▸ TASK TO COMPLETE
What's wanted is each entry repeated verbatim, minus its images.

▸ MATERIALS PROVIDED
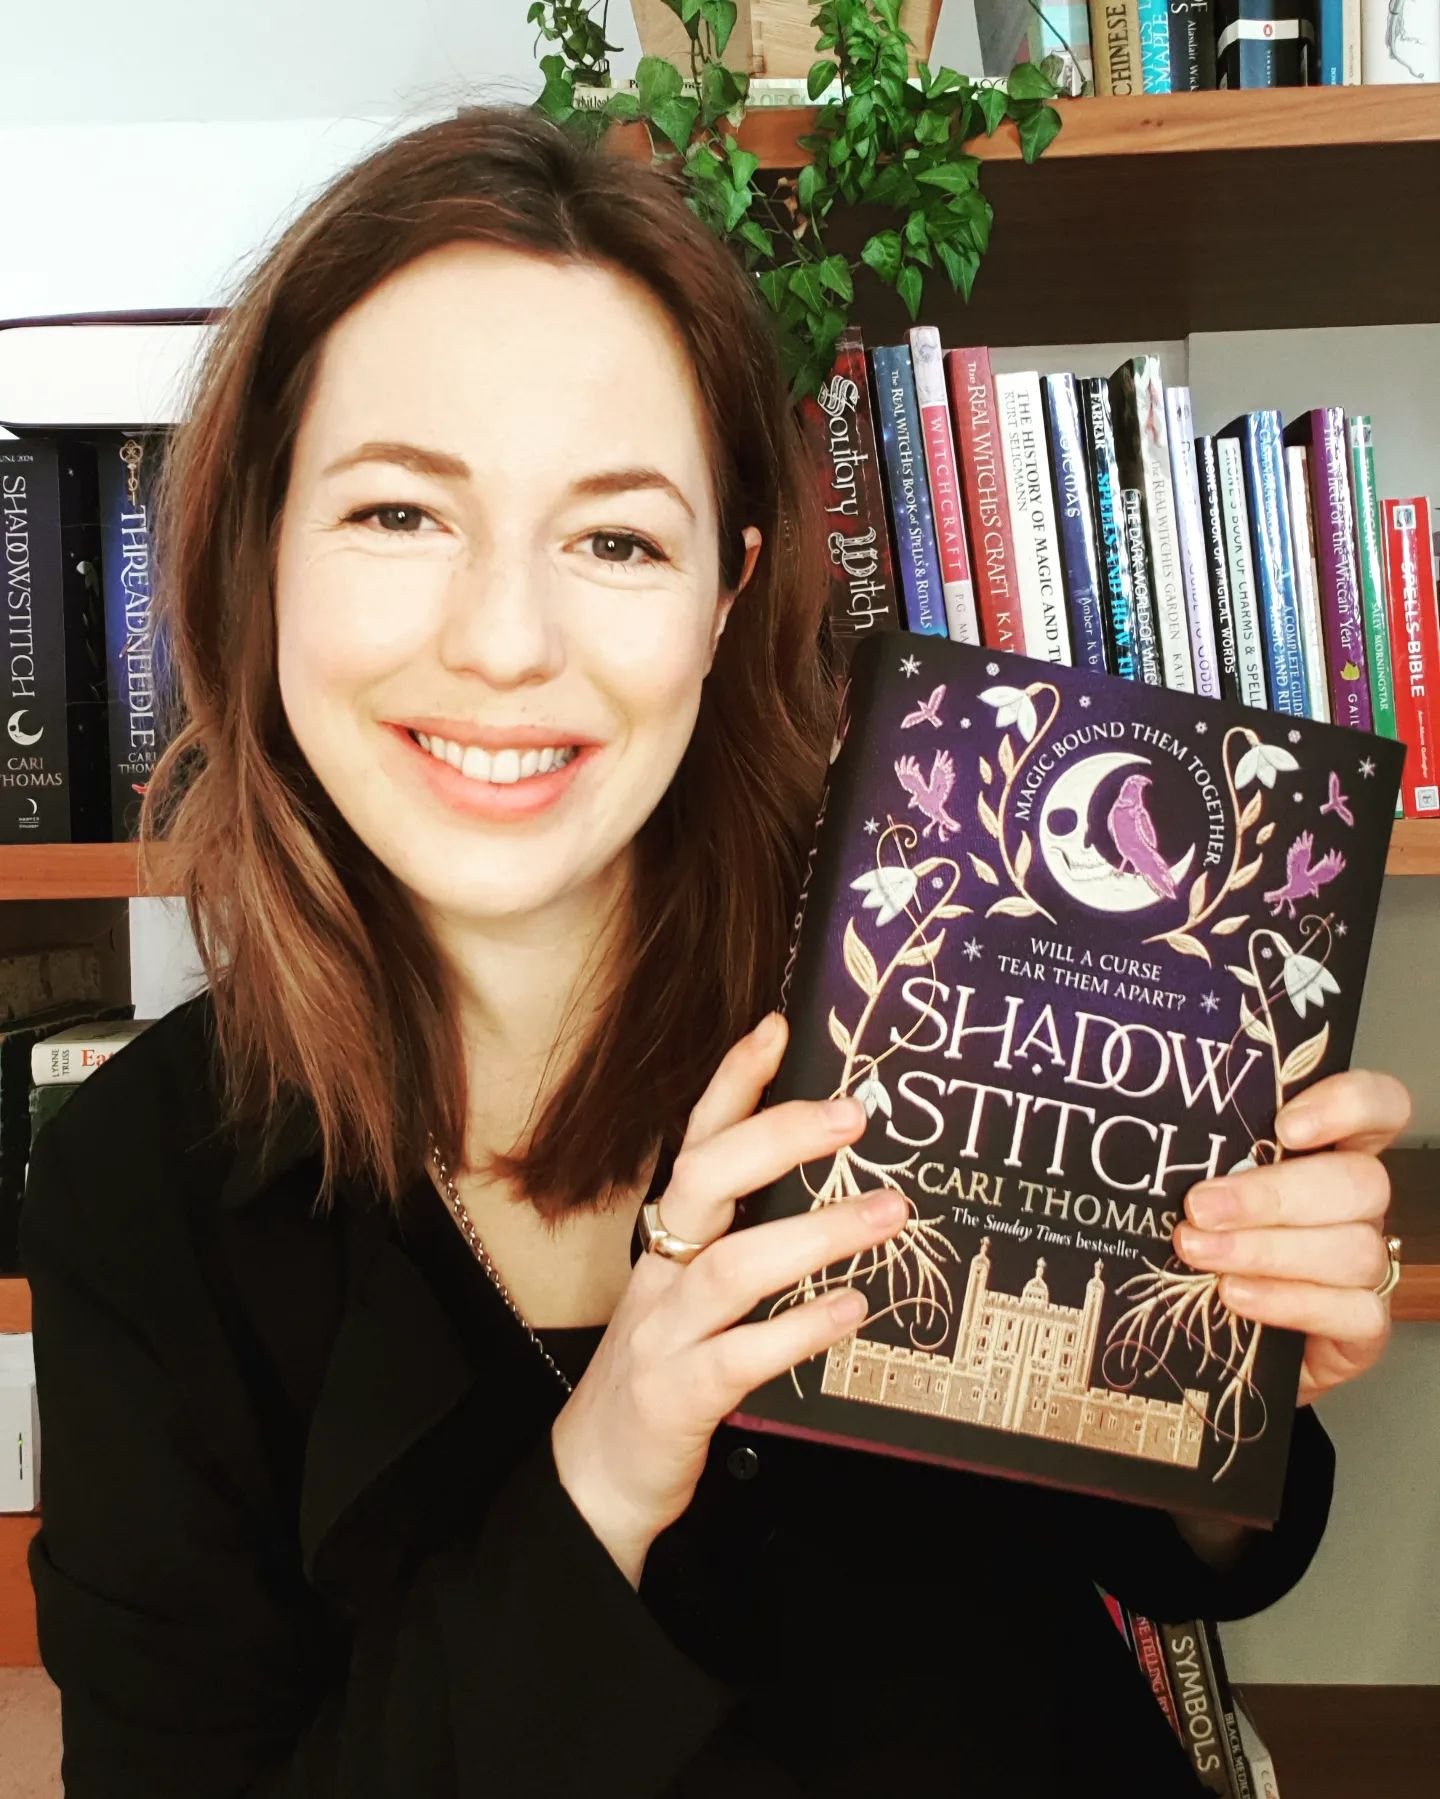 Just me holding my second book baby. So thrilled with the hardback and all its magical details 💜💜💜

Available to pre-order now via link in bio ✌

.
.
.
#Shadowstitch #bookcover #bookspecialedition #Threadneedle #fantasyseries #fantasyfiction #spra

▸ ANSWER TO THIS TASK
 Just me holding my second book baby. So thrilled with the hardback and all its magical details 💜💜💜

Available to pre-order now via link in bio ✌

.
.
.
#Shadowstitch #bookcover #bookspecialedition #Threadneedle #fantasyseries #fantasyfiction #spra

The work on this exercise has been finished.